# [SOLVED] A running mountain lion can make a leap 10.0 m long, reaching a maximum height of 3.0 m.?

A running mountain lion can make a leap 10.0 m long, reaching a maximum height of 3.0 m.?

a.What is the speed of the mountain lion just as it leaves the ground?

b.At what angle does it leave the ground?

This is the Best Answer for A running mountain lion can make a leap 10.0 m long, reaching a maximum height of 3.0 m.?

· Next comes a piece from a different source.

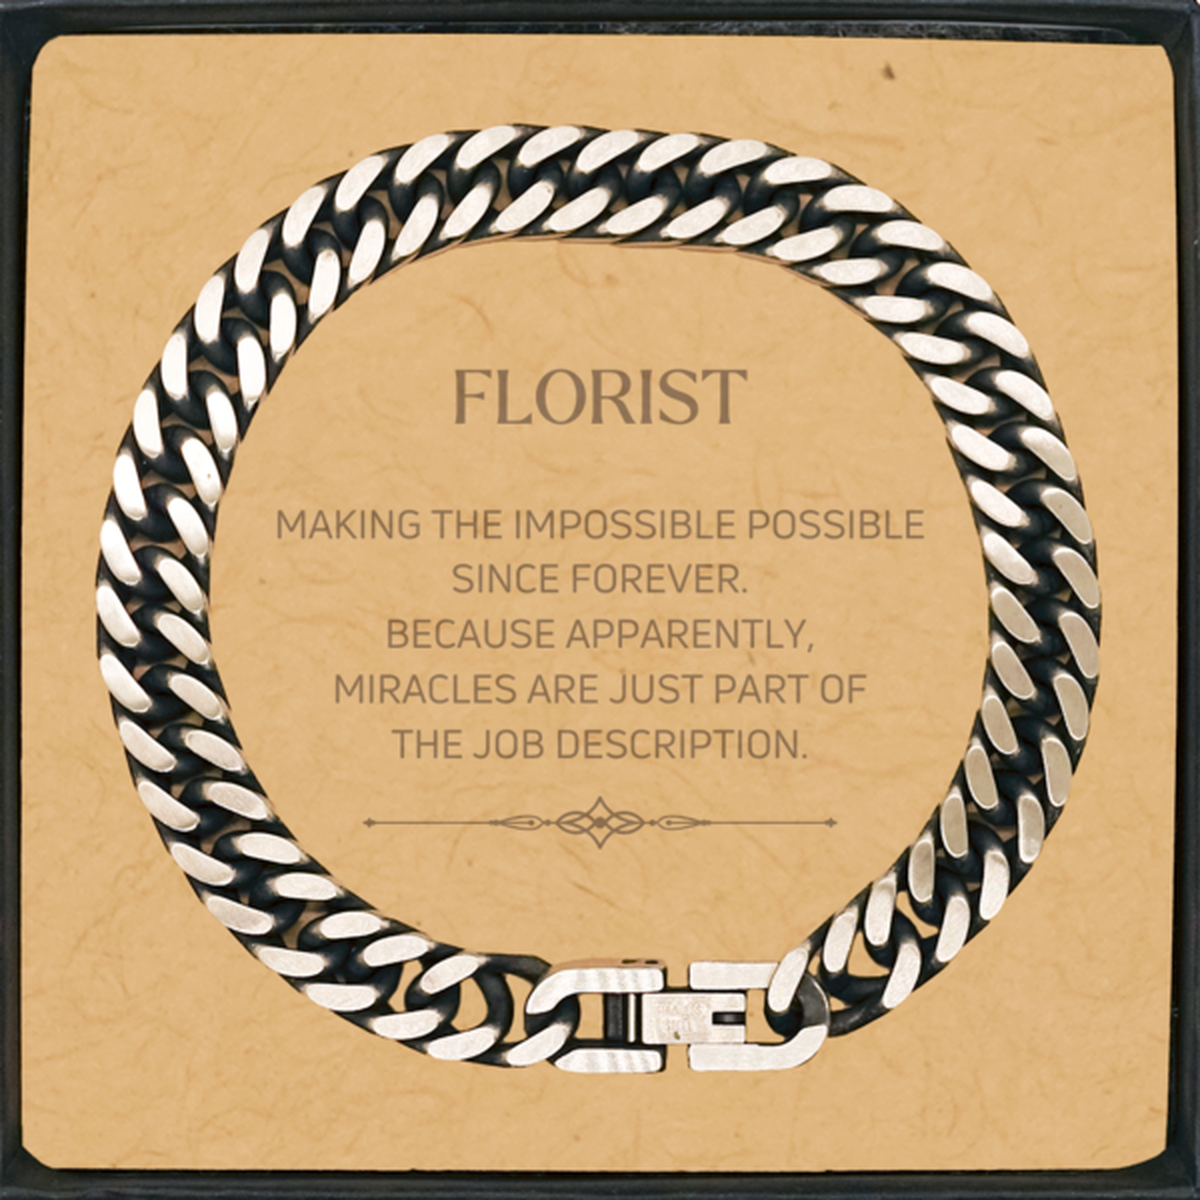 Funny Florist Gifts, Miracles are just part of the job description, Inspirational Birthday Cuban Link Chain Bracelet For Florist, Men, Women, Coworkers, Friends, Boss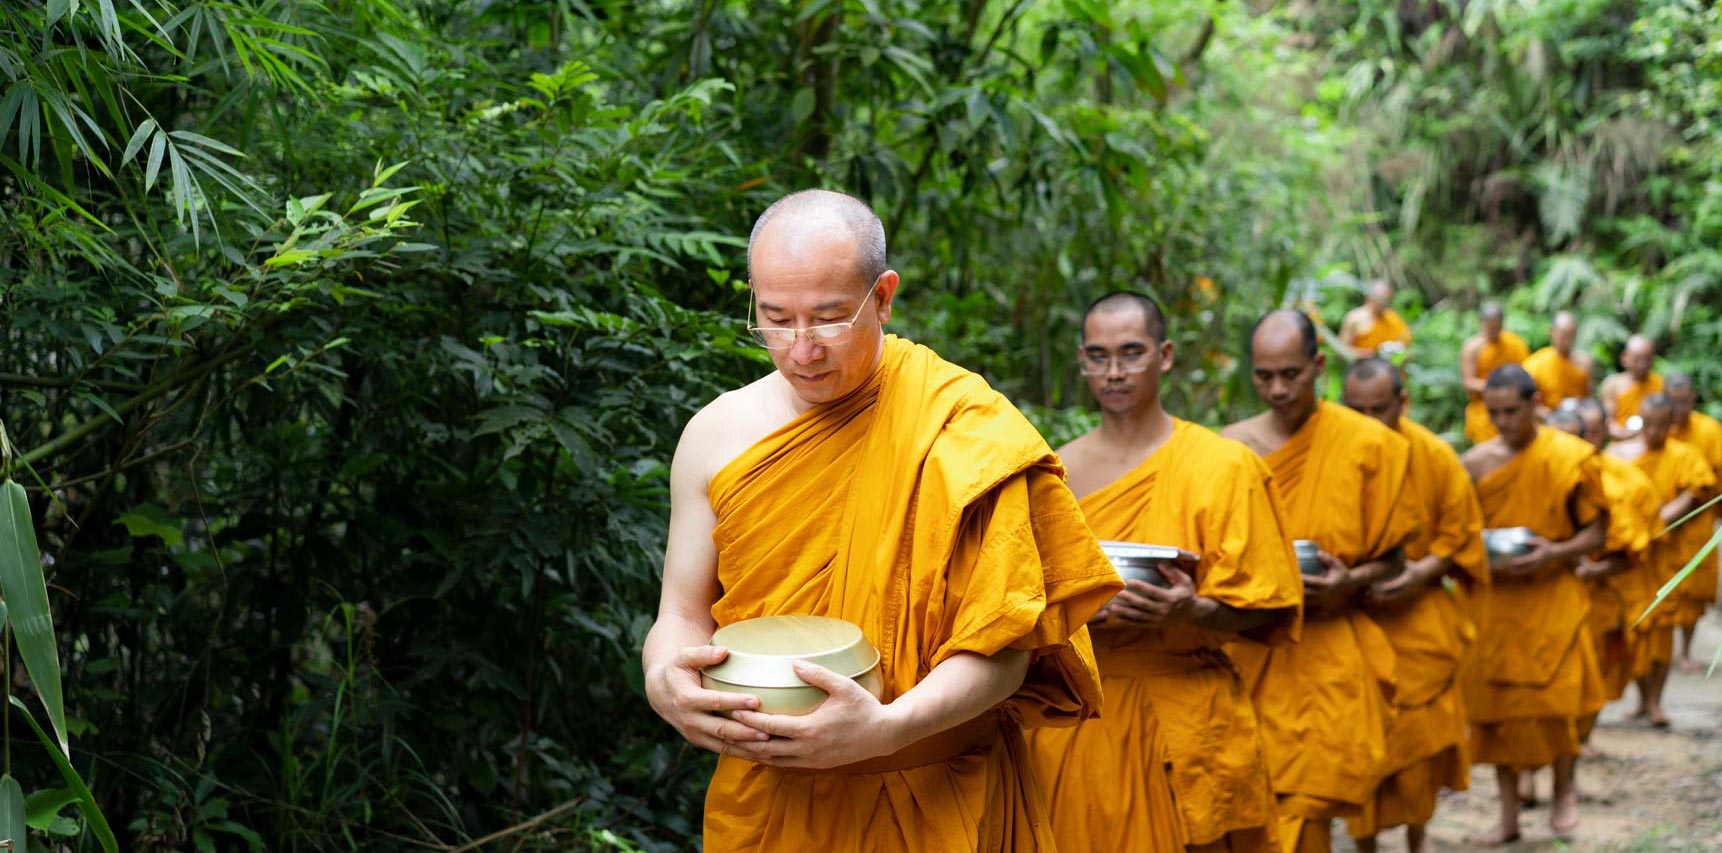 Food Offering & Alms Round in Buddhism

When the lion is at the maximum height, its vertical velocity is 0 m/s. Let’s use the following equation to determine the initial vertical velocity.

vf^2 = vi^2 + 2 * g * d

0 = vi^2 + 2 * -9.8 * 3

vi = √58.8

This is approximately 7.7 m/s. This happens during one half of the total time. Let’s use the following equation to determine this time.

vf = vi – g * t

0 = √58.8 – 9.8 * t

t = √58.8 ÷ 9.8

This is approximately 0.78 seconds. The total time is twice this time. During the total time, the lion moves a horizontal distance of 10 meters. Let’s use the following equation to determine the horizontal component of the lion’s initial velocity.

d = v * t

10 = v * 2 * √58.8÷ 9.8

v = 49 ÷ √58.8

This is approximately 6.4 m/s.

Speed = √[58.8 + (49 ÷ √58.8)^2]

This is approximately 10 m/s. To determine the angle from horizontal, use the following equation.

Tan θ = Vertical ÷ Horizontal

Tan θ = √58.8 ÷ (49 ÷ √58.8) = 1.2

The angle is approximately 50˚. I hope this is helpful for you.

10 = V^2/g*sin 2Θ

V*sin Θ = √19.612*3 = 7.670

V = 7.670/sin Θ

10*9.806 = 58.8360/(sin Θ*sin Θ)*2*sin Θ*cos Θ

98.06 = 58.836*2*cot Θ

cot Θ = 98.06/(58.836*2) = 0.833

tan Θ = 1/0.833 = 1.200

Θ = arctan 1.20 = 50.19°

V = 7.670/sin Θ = 7.67/0.767 = 10.0 m/sec

I think this is the correct answer for A running mountain lion can make a leap 10.0 m long, reaching a maximum height of 3.0 m.?

From V^2 = U^2 – 2gH = 0 her vertical speed is Uy = sqrt(2gH). And from X = Ux t = Ux sqrt(2H/g) her horizontal speed is Ux = X/sqrt(2H/g).

a. U = sqrt(Uy^2 + Ux^2) = sqrt(2gH + X^2/(2H/g)) = sqrt(2*9.8*3 + 100/(2*3/9.8)) = 14.9 m/s. ANS.

b. theta = ATAN(Uy/Ux) = ATAN(sqrt(2gH)/X/sqrt(2H/g)) = ATAN(sqrt(2*9.8*3)/(10/sqrt(2*3/9.8))) = 29 deg re the horizontal. ANS.

H = 3m = g*t^2/2 = 9.81*t^2/2 –> t = sqrt(3*2/9.81) = sqrt(0.612) = 0.782 s to get to the maximum height, and 0.782 s to come back down again.

In the vertical direction,

Vi = g*t = 7.67 m/s

In the horizontal direction, velocity is constant. V = 10m/1.564s = 6.39 m/s

The speed is sqrt(Vx^2 + Vy^2). The angle is atan(Vy/Vx).